Now, counter conditioning is not the end all solve all. Some behaviors are deeply rooted and cannot be solved by counter conditioning alone. Teaching the dog to ignore stimulus is just as important as teaching them to investigate stimulus. Determining what stimulus needs to be ignored (dogs on walks for dogs that are leash reactive) and what needs to be counter conditioned and explored (maybe the shady tree stump your dog barks at on your walks) is critical. Dogs with extreme aggression towards a stimulus need professional help. I do not use this method for reactivity on walks. Contact a trainer that specializes in this for more help.

Ethical Training

It’s time for a trainer rant. As many of you know I work at a vet clinic a couple days a week. In the past couple of weeks I have had multiple owners tell me about their dog’s behavior (mostly leash reactivity towards other dogs), that they had worked extensively with other trainers (I shall not mention), and after a lot of time, money, and no improvement these trainers told them “This is how your dog will always be.” For lack of a better way to say it, that is crap. Each of these owners had given up hope until I told them “Umm, no I can actually help with that and if I can’t I know another trainer that can.”

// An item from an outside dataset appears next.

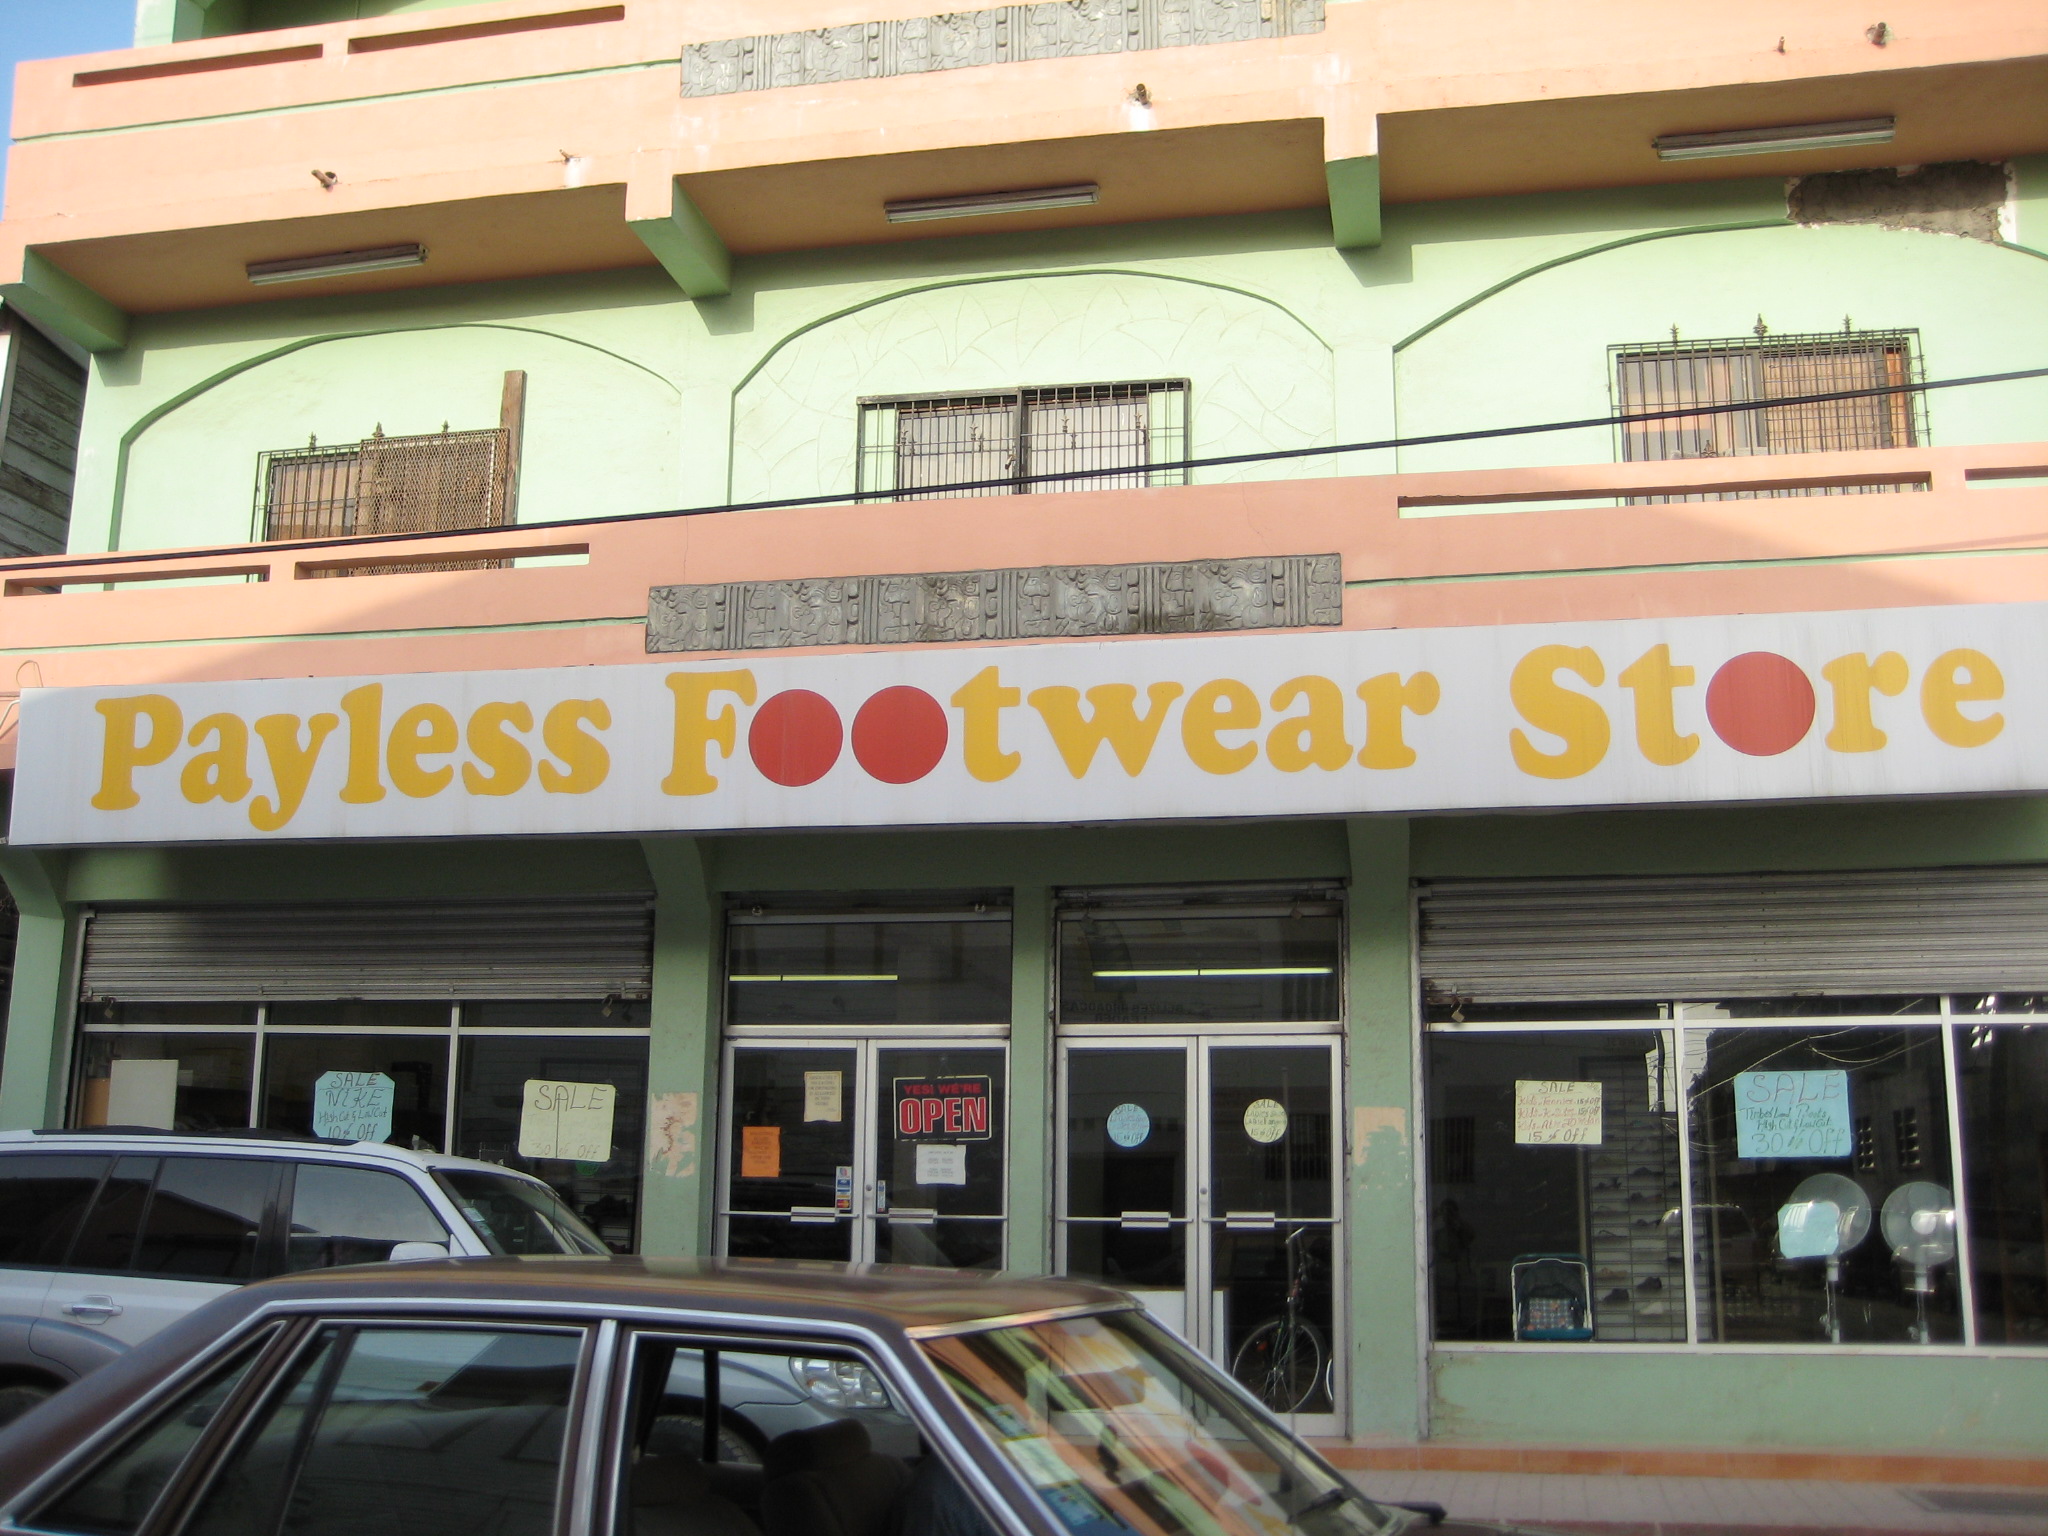 Payless | Drew Cogbill | Thesis Blog

Why does this irritate me so much? Whenever a dog owner calls me asking for help I have a responsibility as an ethical trainer to say one of two statements.
One: Yes, I can help with that. Two: No, I cannot help with that but let me refer you to someone that can.
I know where my current knowledge and abilities are and will take on cases that I can help the client. I won’t turn away a client because the dog cannot be fixed but because I know of some trainers that have more skill in that area. I know when a behavior is out of my realm of work and will refer owners to another trusted trainer. Why? Because I am not here to take the business or make the money and then say “actually the dog can’t be fixed, because I don’t know how not because the dog is genuinely unfix-able.” That is what these trainers are saying, and instead of referring to another trainer, like they should, they let the owners continue suffer with their dog’s behavior.
Now, I am not saying that with training these dogs can magically become the perfect dog that loves everyone and every other dog. Giving owners proper expectations of their dog’s behavior and management is half the battle the other half being fixing the issue as best possible. What I am saying, is that if you are an owner that has been told your dog will always be like this, please continue to reach out to other trainers. If you need help on where to start or who to contact, contact myself. If its something I can help with I will, if not I will steer you toward some ethical and honest trainers.
To current and future clients: I will do everything in my training knowledge and power to help you, even if that means referring you to another more qualified trainer before we even start training. I want you and your dog to find the best possible match even if that is not me. Please don’t ever give up on your dog. Keep searching for the right trainer, for new methods, for new knowledge.